**DATA BELOW:**
^^^^^^^^^^^^^^^^
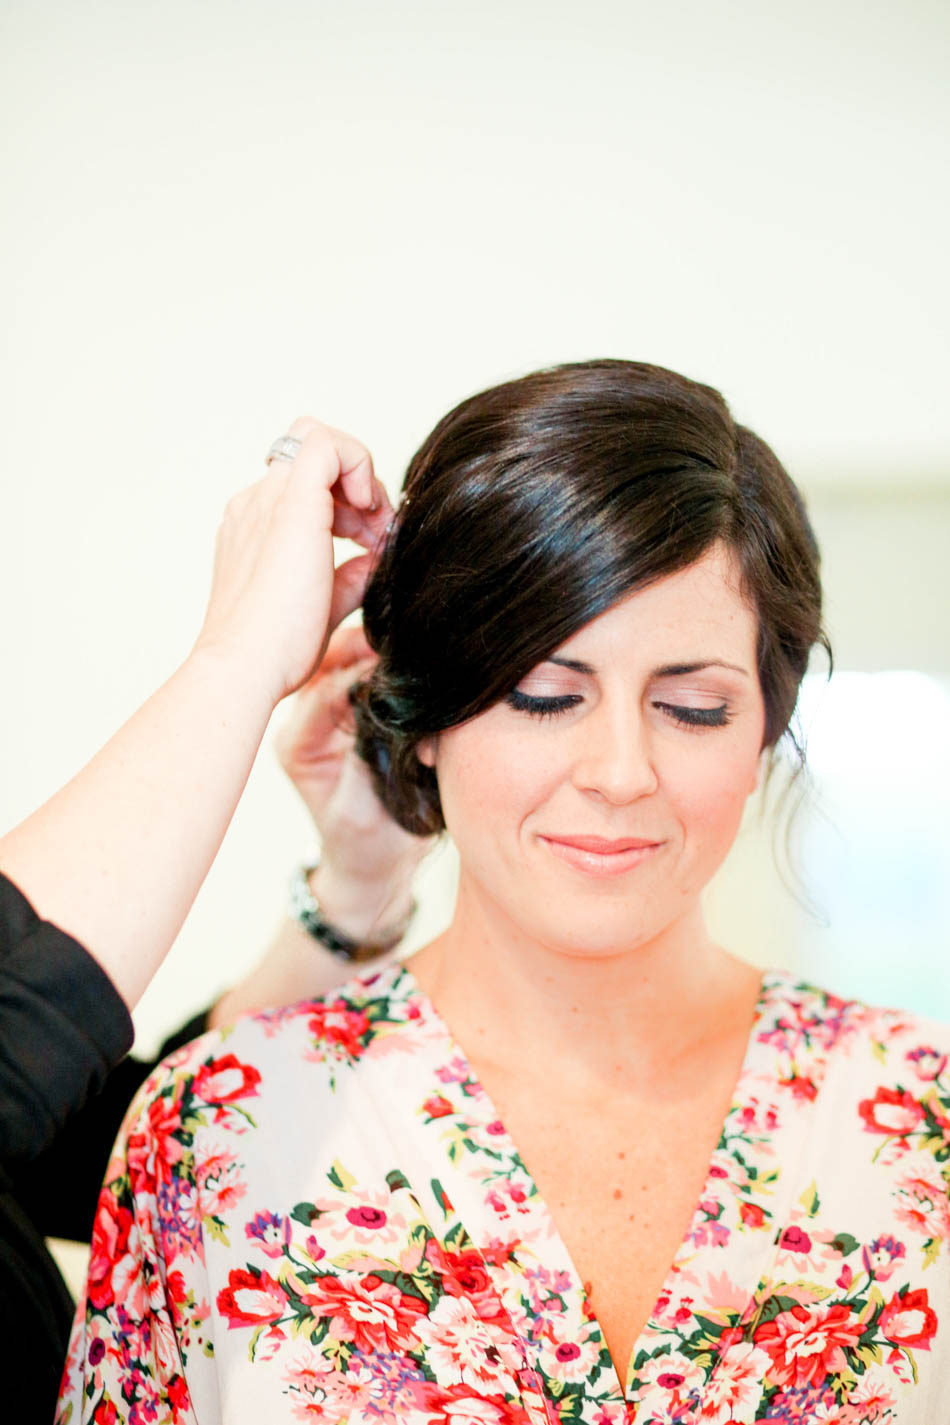 Bride gets hair styled, I'ON Creek Club, Mt Pleasant, South Carolina Kate Timbers Photography. http://katetimbers.com #katetimbersphotography // Charleston Photography // Inspiration
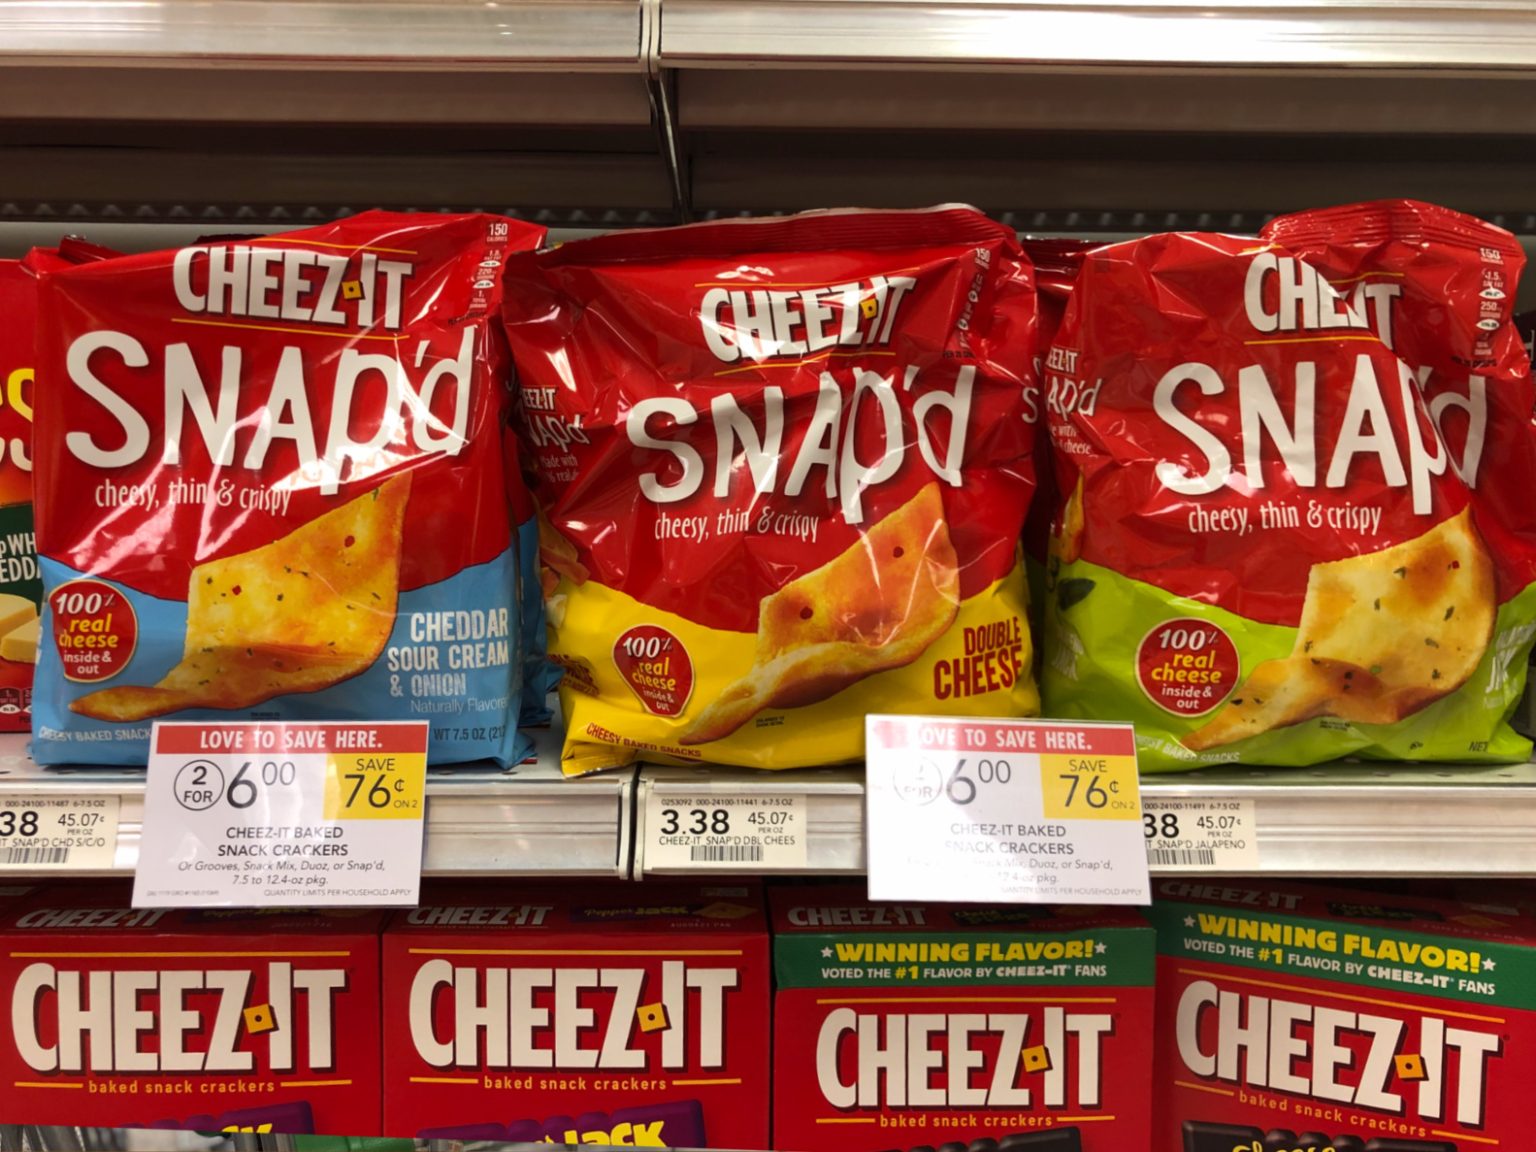 Don't Miss The Deal On Cheez-It Snap'd - Be Ready For Holiday Entertaining!
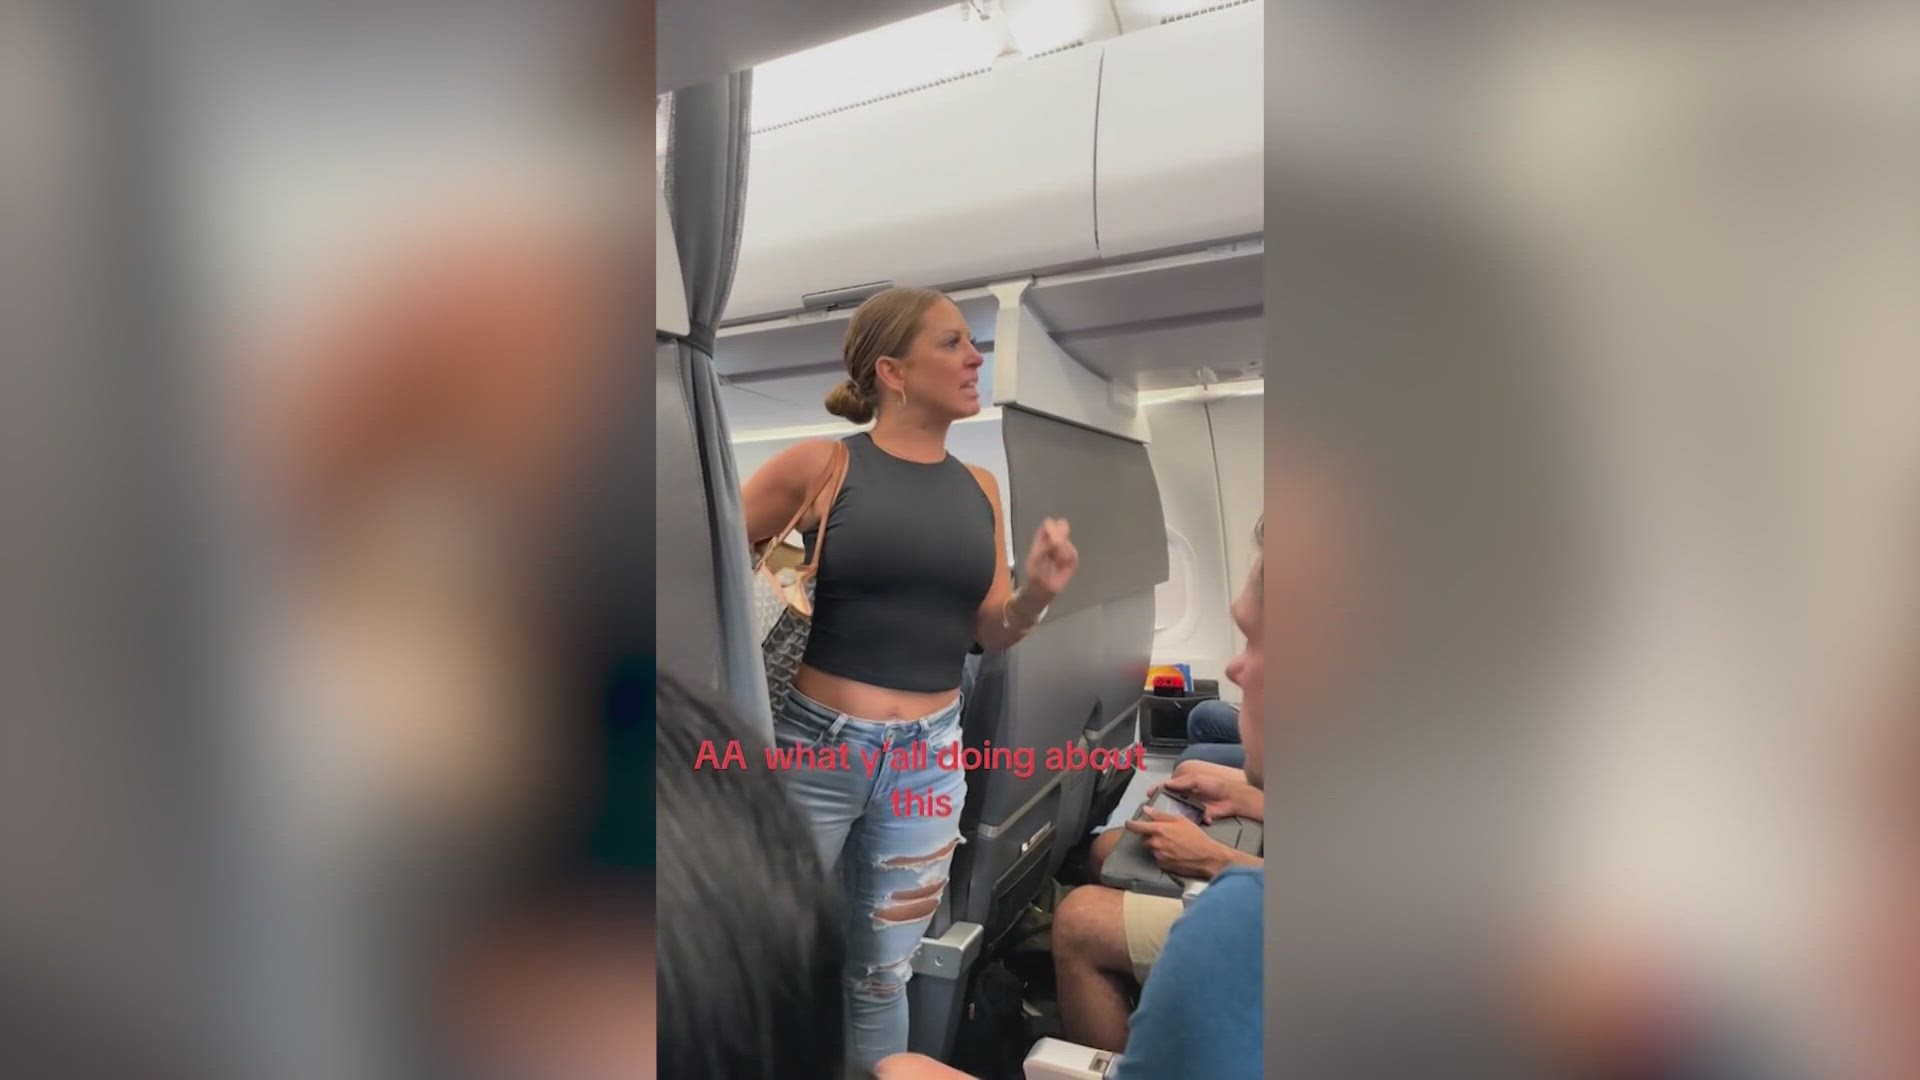 A TikTok user shared video of a woman, now identified as Tiffany, walking to the front of the plane saying someone in the back of the plane was "not real."
^^^^^^^^^^^^^^^^
**TASK DESCRIPTION:**
A faithful transcription of the material, with no pictures, is the expected result.

**RESULT OF THE TASK:**
 Bride gets hair styled, I'ON Creek Club, Mt Pleasant, South Carolina Kate Timbers Photography. http://katetimbers.com #katetimbersphotography // Charleston Photography // Inspiration
 Don't Miss The Deal On Cheez-It Snap'd - Be Ready For Holiday Entertaining!
 A TikTok user shared video of a woman, now identified as Tiffany, walking to the front of the plane saying someone in the back of the plane was "not real."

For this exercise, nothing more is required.